▶ _TASK GOAL_: The listing below holds pictures; exclude them. Return exactly the lines from the one with "Platja des Dolc" through the one with "Lamborghini urus in the mountains".
---- RECORDS SUPPLIED
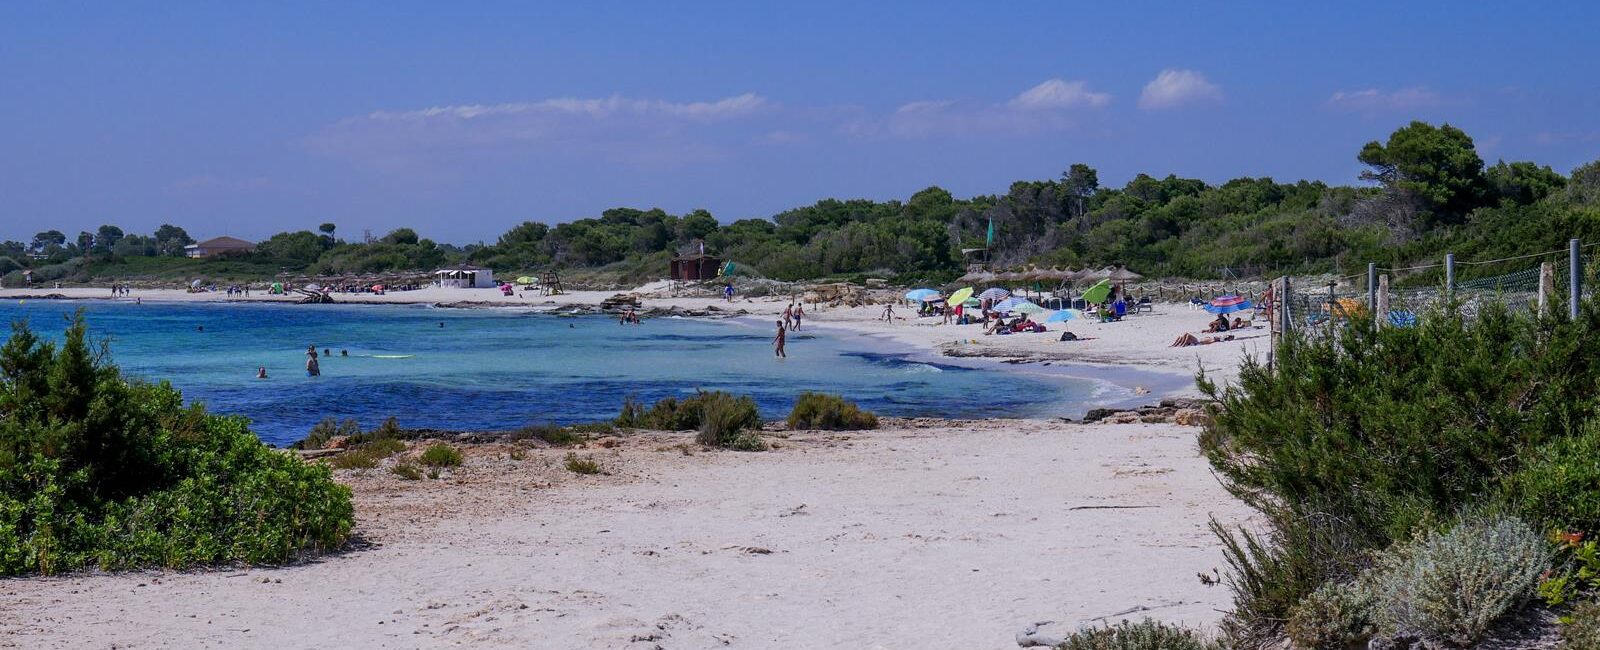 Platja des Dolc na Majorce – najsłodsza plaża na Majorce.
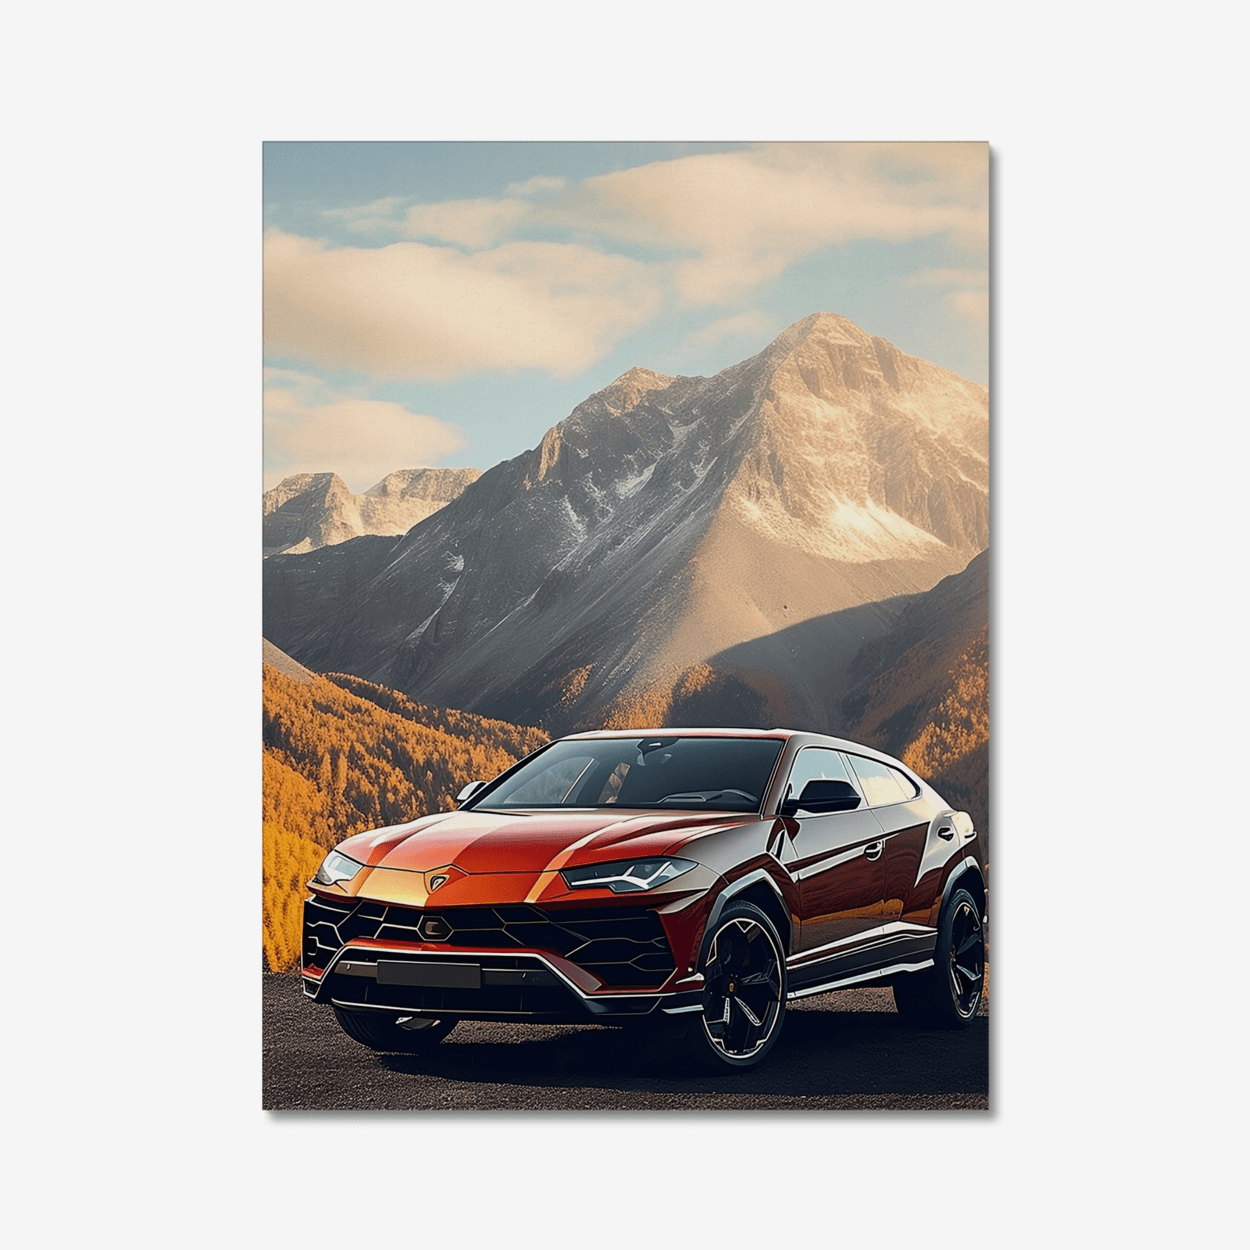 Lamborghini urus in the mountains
--------
---- RECORDS SUPPLIED
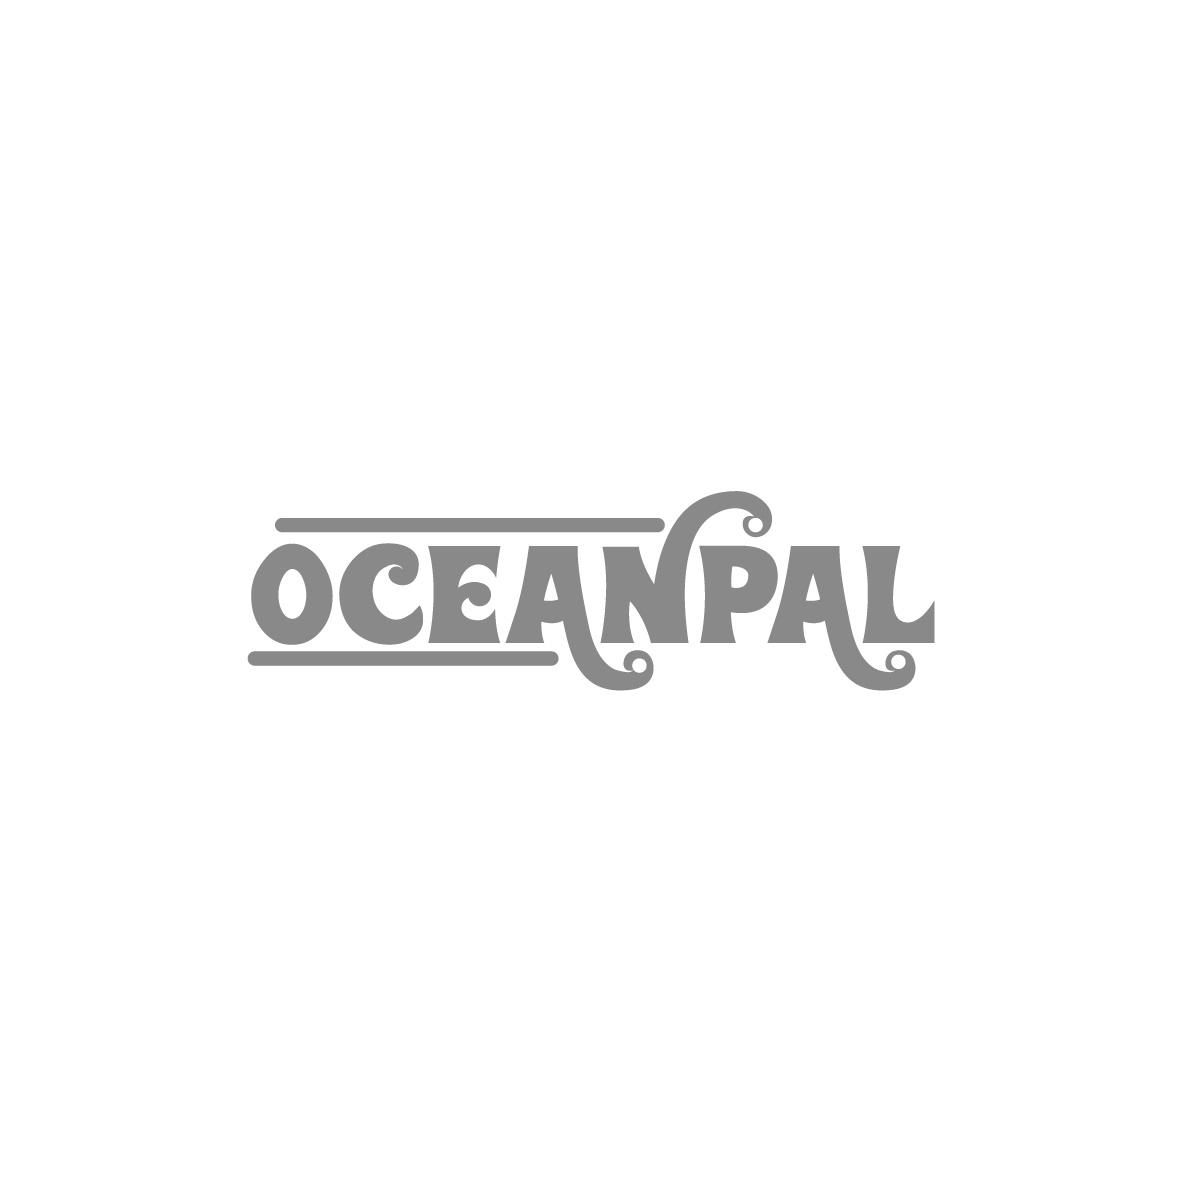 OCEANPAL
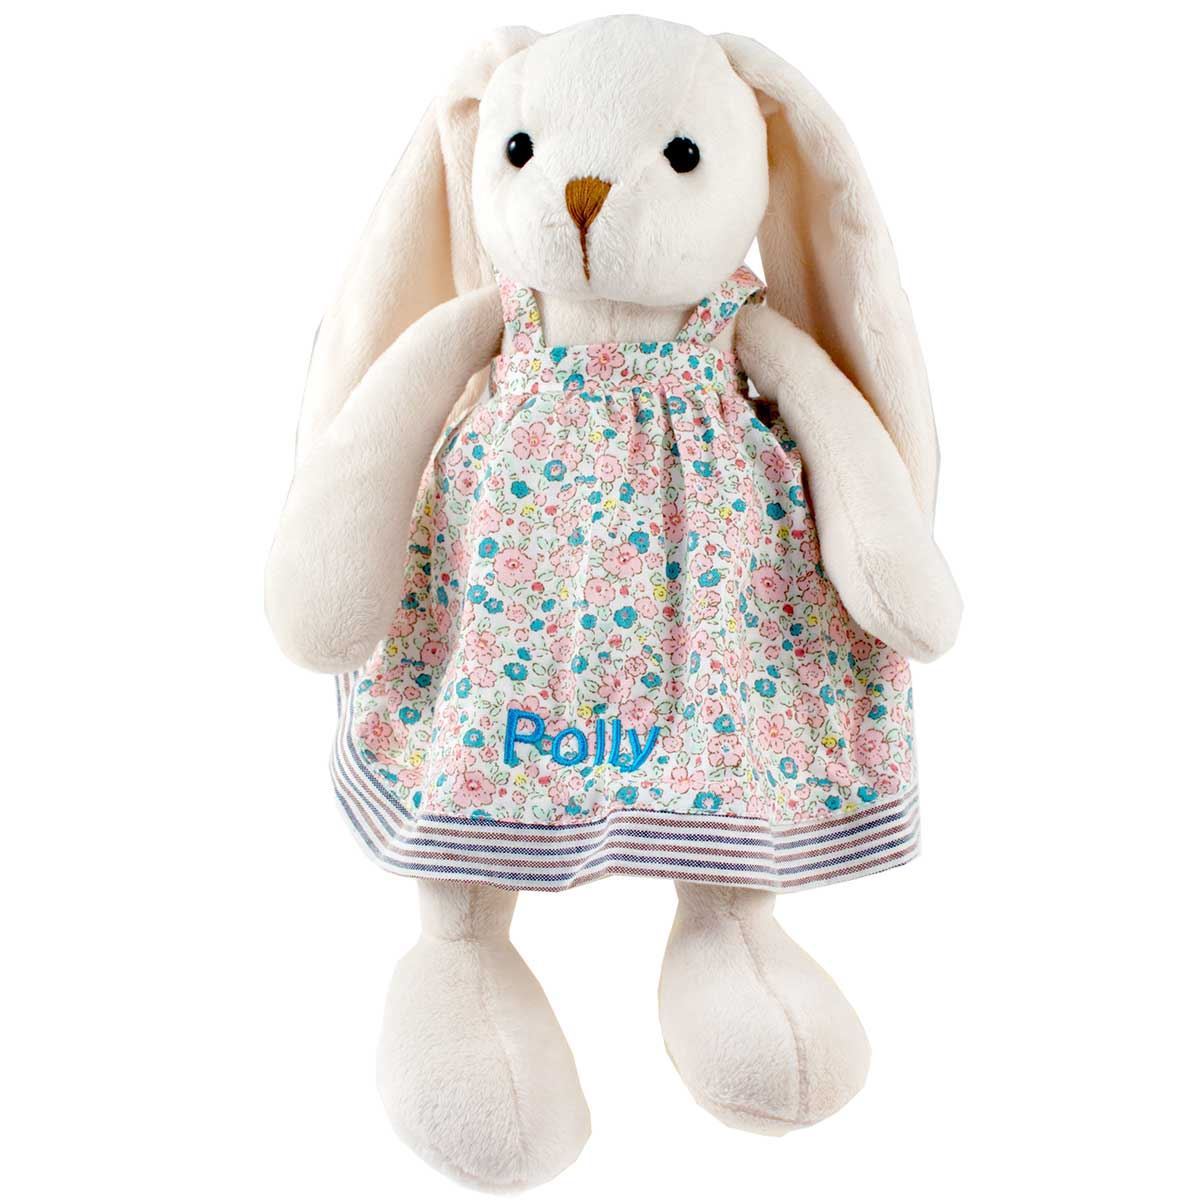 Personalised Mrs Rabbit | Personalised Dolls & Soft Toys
--------
---- RECORDS SUPPLIED
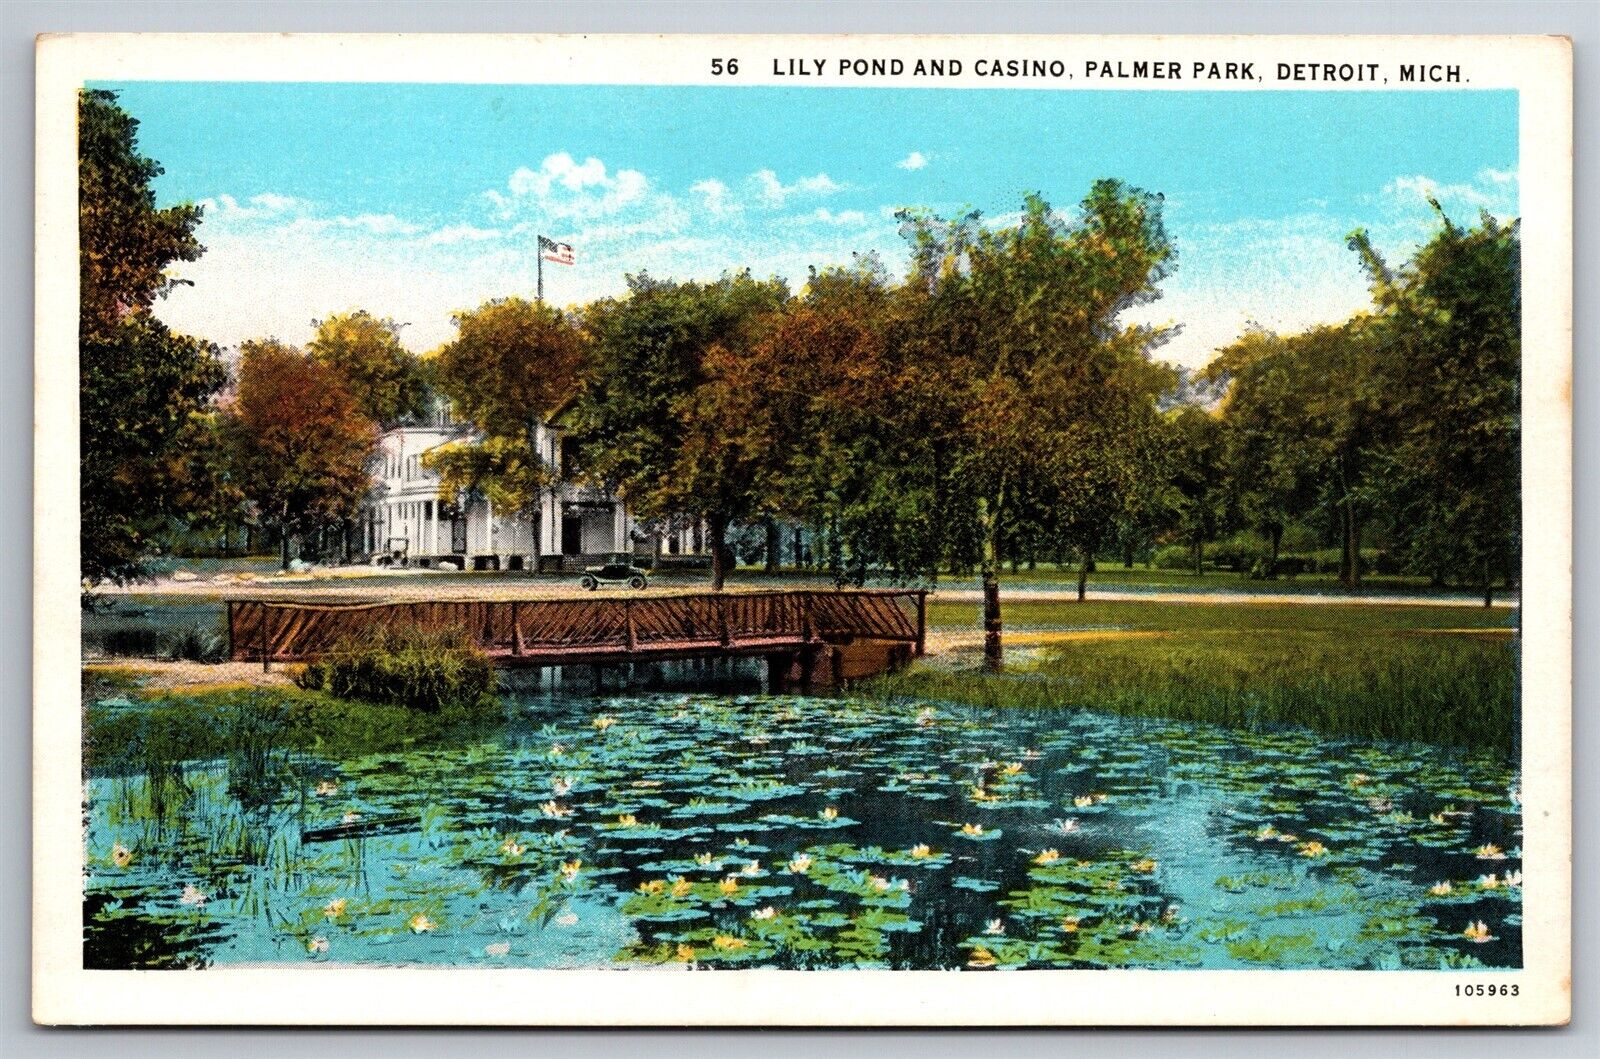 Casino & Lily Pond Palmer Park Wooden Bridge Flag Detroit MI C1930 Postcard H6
--------
▶ _TASK RESPONSE_:
 Platja des Dolc na Majorce – najsłodsza plaża na Majorce.
 Lamborghini urus in the mountains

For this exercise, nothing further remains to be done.